How to use substr to extract character between two semicolon?

sajmar · March 13, 2015, 3:36pm

Dear folks
Hello
I have a data set which one of the column of this data set are string and I want to extract numbers which is between two ":". However, I know the substr command which will do this operation but my problem is the numbers between two ":" have different digits. this will make my extraction difficult. I will put a part of my data set for better understanding.

1/1:0,6:6:12:150,12,0
0/1:6,4:10:99:126,0,195
1/1:100,50:150:34,0,210

In this case, I want to extract the red number out of my data set.
I will be glad that anyone could help me.
Thanks
Sajmar

kenshinhimura · March 13, 2015, 3:56pm


$ cat  yourfile
1/1:0,6:6:12:150,12,0
0/1:6,4:10:99:126,0,195
1/1:100,50:150:34,0,210


 $ cat  yourfile|awk 'BEGIN{FS=OFS=":"}{$3="";}1'
1/1:0,6::12:150,12,0
0/1:6,4::99:126,0,195
1/1:100,50::34,0,210

sajmar · March 13, 2015, 4:06pm

Thank you kenshinhimura for your suggestion. Because this column in the data set is the tenth column of my data set.
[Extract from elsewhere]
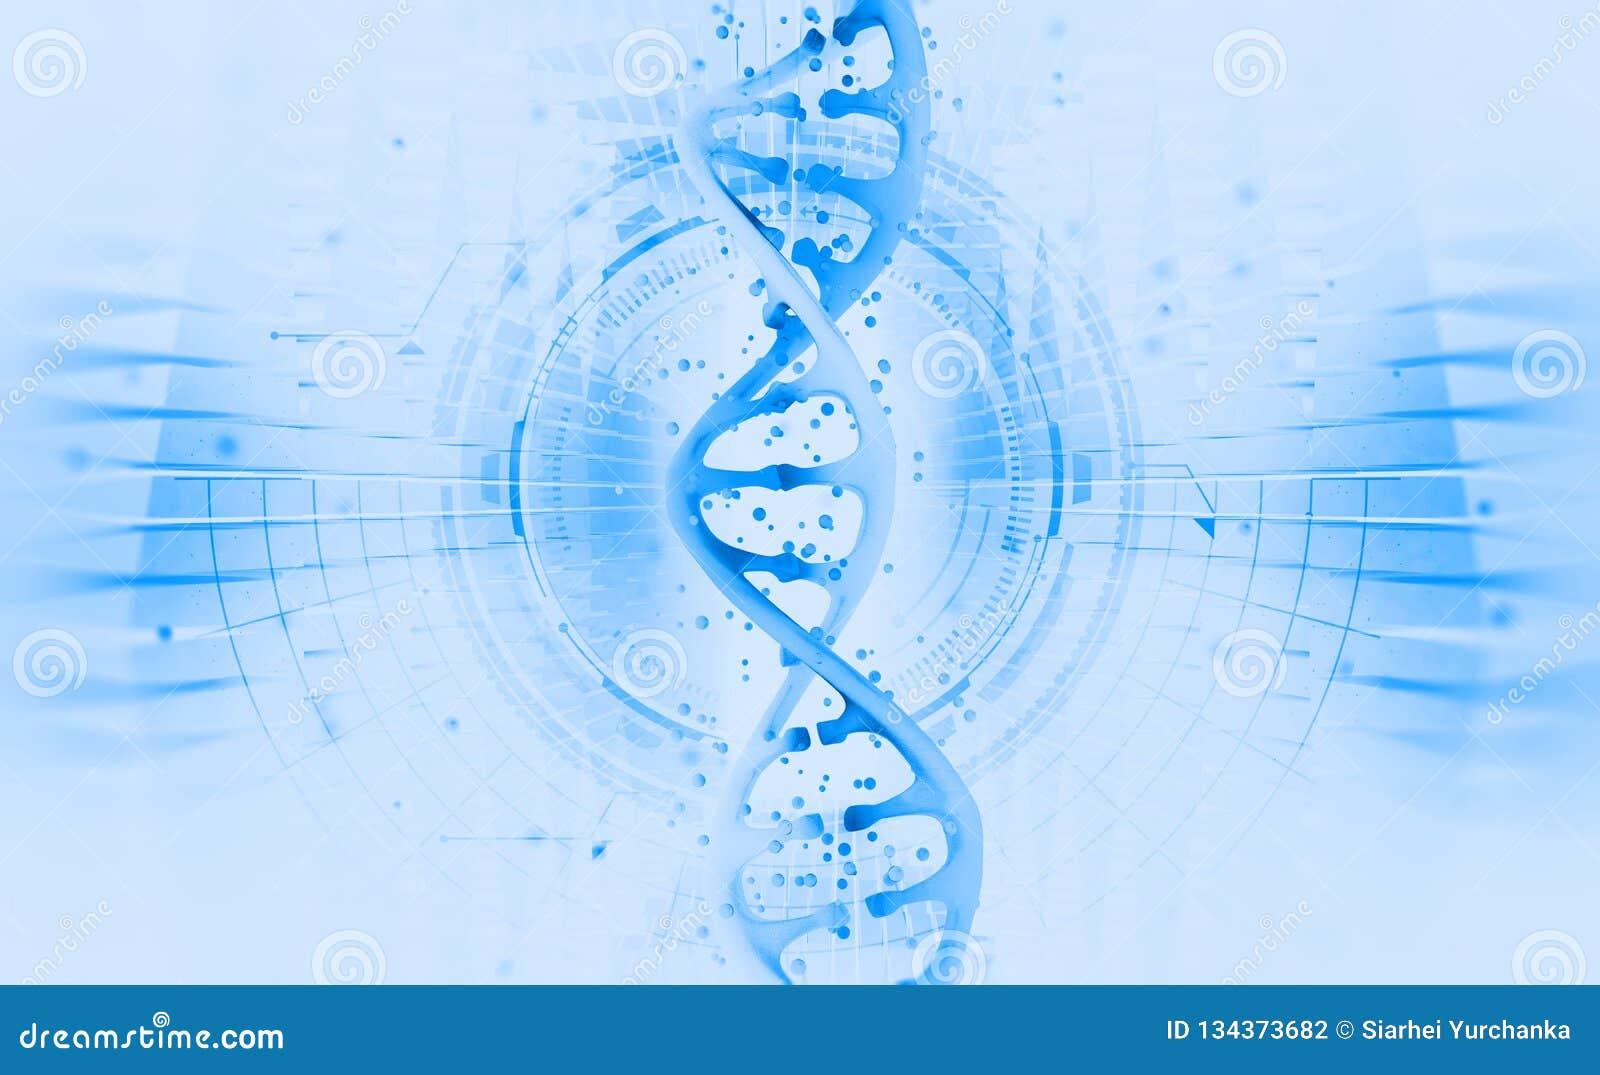 Έλικας DNA Γεια τεχνολογία τεχνολογίας στον τομέα της γενετικής εφαρμοσμένης μηχανικής Εργασία για την τεχνητή νοημοσύνη

Could you please tell me how could I specify the number of column in this command?

kenshinhimura · March 13, 2015, 4:08pm

From:
awk 'BEGIN{FS=OFS=":"}{$3="";}1'



To:
awk 'BEGIN{FS=OFS=":"}{$10="";}1'

Don_Cragun · March 13, 2015, 4:15pm

Or to parameterize it:

FieldNumber=10
awk -v f="$FieldNumber" 'BEGIN{FS = OFS = ":"}{$f = ""}1' input_file

sajmar · March 13, 2015, 4:33pm

I want to extract the red numbers from the string column I have. when I run your suggestion command it remove the red numbers which are between two colon.I just want to keep those numbers.

---------- Post updated at 04:33 PM ---------- Previous update was at 04:29 PM ----------

Dear Don Cragun
I have 300 files which I used this command below to extract column 1, 2, 4, 5, and the first three number of the 10 column of my data set.

for file in *.work; do awk '{print $1,$2,$4,$5,substr($10,1,1),substr($10,3,1)}' $file > "$(basename "$file" .work).info"; done

My problem is that the number which are in the middle of the sting column tenth have different digit numbers.

kenshinhimura · March 13, 2015, 4:36pm

Nest time give a desired output.

maybe this is what you want

awk -F: '{print $10}'

sajmar · March 13, 2015, 4:45pm

It seems this will not give my desire output.

kenshinhimura · March 13, 2015, 4:48pm

can you print your desired output

sajmar · March 13, 2015, 4:56pm

This my one row of my raw data set with 10 column:

gi|358485511|ref|NC_006088.3|         699545         .     A         G           122.03            PASS           AC=2;AF=1.00;AN=2;DP=6;Dels=0.00;FS=0.000;HaplotypeScore=0.0000;MLEAC=2;MLEAF=1.00;MQ=56.04;MQ0=0;QD=20.34                            GT:AD:PP:GQ:PL                  1/1:0,6:8:12:150,12,0

My desire output is:

gi|358485511|ref|NC_006088.3|   699545     A       G   1 1    8

To reminding, I have 300 file with a same data set structure.

vgersh99 · March 13, 2015, 5:19pm

awk '{split($NF,a, "[/:,]"); print $1,$2,$4,$5, a[1], a[2], a[5]}' myFile

Next time please post what you input is EXACTLY and what would be the desired output.

Don_Cragun · March 13, 2015, 5:43pm

Is each of your 300 files one line? Or are there multiple lines in each file?

What operating system are you using?

What shell are you using?

Does the command:

ls *.work

succeed, or does it give you a diagnostic saying that your argument list is too long?